Menguak Mitos Sekaligus Menikmati Alam di Situs Ciung Wanara Part.1
Ciung Wanara merupakan situs dari masa Hindu-Buddha yang terletak di Desa Karangkamulyan, Kecamatan Cijeungjing, sekitar 16 Km dari Kota Ciamis ke arah timur. Tepatnya berada pada koordinat 7°20,84’S 108°29,376’E. Komplek situs berupa hutan dengan luas 25,5 hektar, tepat berada di pinggir jalan raya yang menghubungkan Ciamis – Banjar. Batas situs di sebelah utara adalah jalan raya, sebelah timur Sungai Cimuntur, sebelah selatan Sungai Citanduy, dan sebelah barat rest area.
Saya datang kesini pada idul fitri tahun 2017, berbeda dengan saat pertama saya kesini waktu smp. Sudah banyak perubahan, seperti bertambahnya fasilitas umum adanya penunjuk arah dan jadi banyaknya orang berjualan di sebelum pintu masuk nya.
Ya karena tempat wisata ini sudah mulai terkenal dan banyak pengunjung nya, tapi enaknya walaupun sudah cukup terkenal tapi tiket masuknya masih sangat murah, kalau gak salah sekitar 2k atau 3k gitu per orang nya.
Jadi ditempat ini terdapat beberapa lokasi yang bisa dikunjungi, dan untuk sampai kesana dilakukan dengan cara berjalan kaki, kalau menurut saya yang suka treking hal ini tidak terlalu melelahkan, tapi bila kalian bersama orang tua mungkin akan cukup menguras tenaga mereka apalagi untuk sampai ke lokasi paling ujung dari tempat ini yaitu "Patimuan". Tapi untung nya disepanjang jalan nya ini tidak akan terasa terik matahari karena di sepanjang jalan nya tertutup oleh pohon, jadi walaupun kita datang pada saat matahari sedang terik terik nya diluar saat memasuki tempat ini, hal itu tidak akan menjadi masalah.
3. Penyabungan Ayam
Di Tempat ini terdapat sebuah mitos yang katanya bisa mengabulkan doa seseorang, jika kamu berjalan dengan mata tertutup menuju tengah dari pohon.
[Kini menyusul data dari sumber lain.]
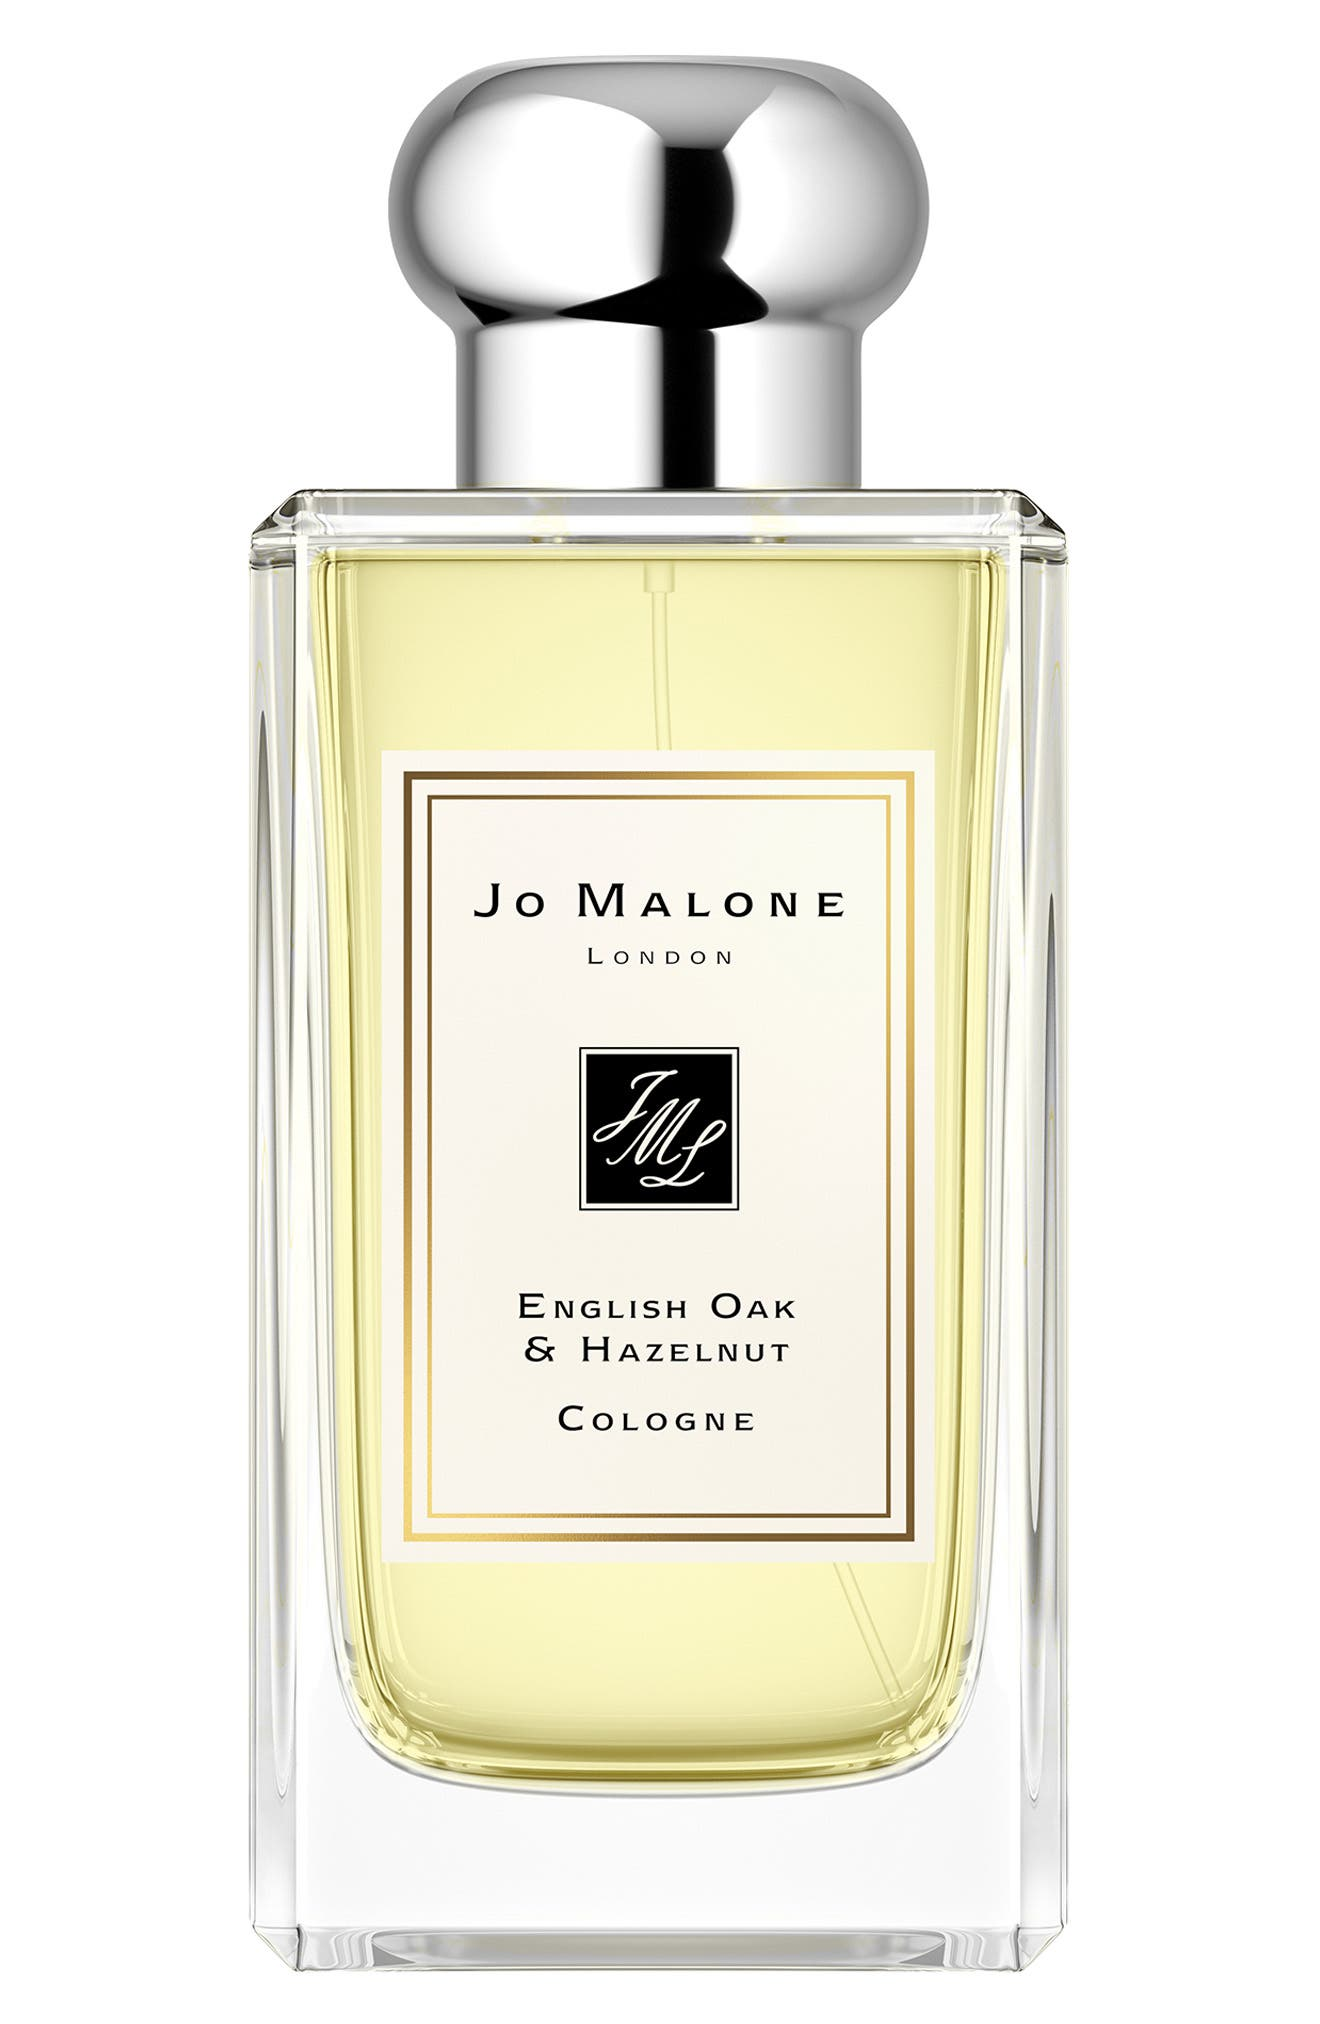 Jo Malone London(TM) English Oak & Hazelnut Cologne

Untuk video nya bisa kalian cek didieu
4. Lambang Peribadatan
5. Cikahuripan
Di lokasi "Cikahuripan" tidak terdapat tanda-tanda adanya peninggalan arkeologis. Tetapi merupakan sebuah sumur yang letaknya dekat dengan pertemuan antara dua sungai, yaitu sungai Ci Tanduy dan sungai Ci Muntur. Sumur ini disebut "Cikahuripan" karena dianggap berisi air kehidupan (dimana air dipercaya sebagai lambang kehidupan). Sumur ini merupakan sumur abadi karena airnya tidak pernah kering sepanjang tahun.(Dikutip dari Wikipedia)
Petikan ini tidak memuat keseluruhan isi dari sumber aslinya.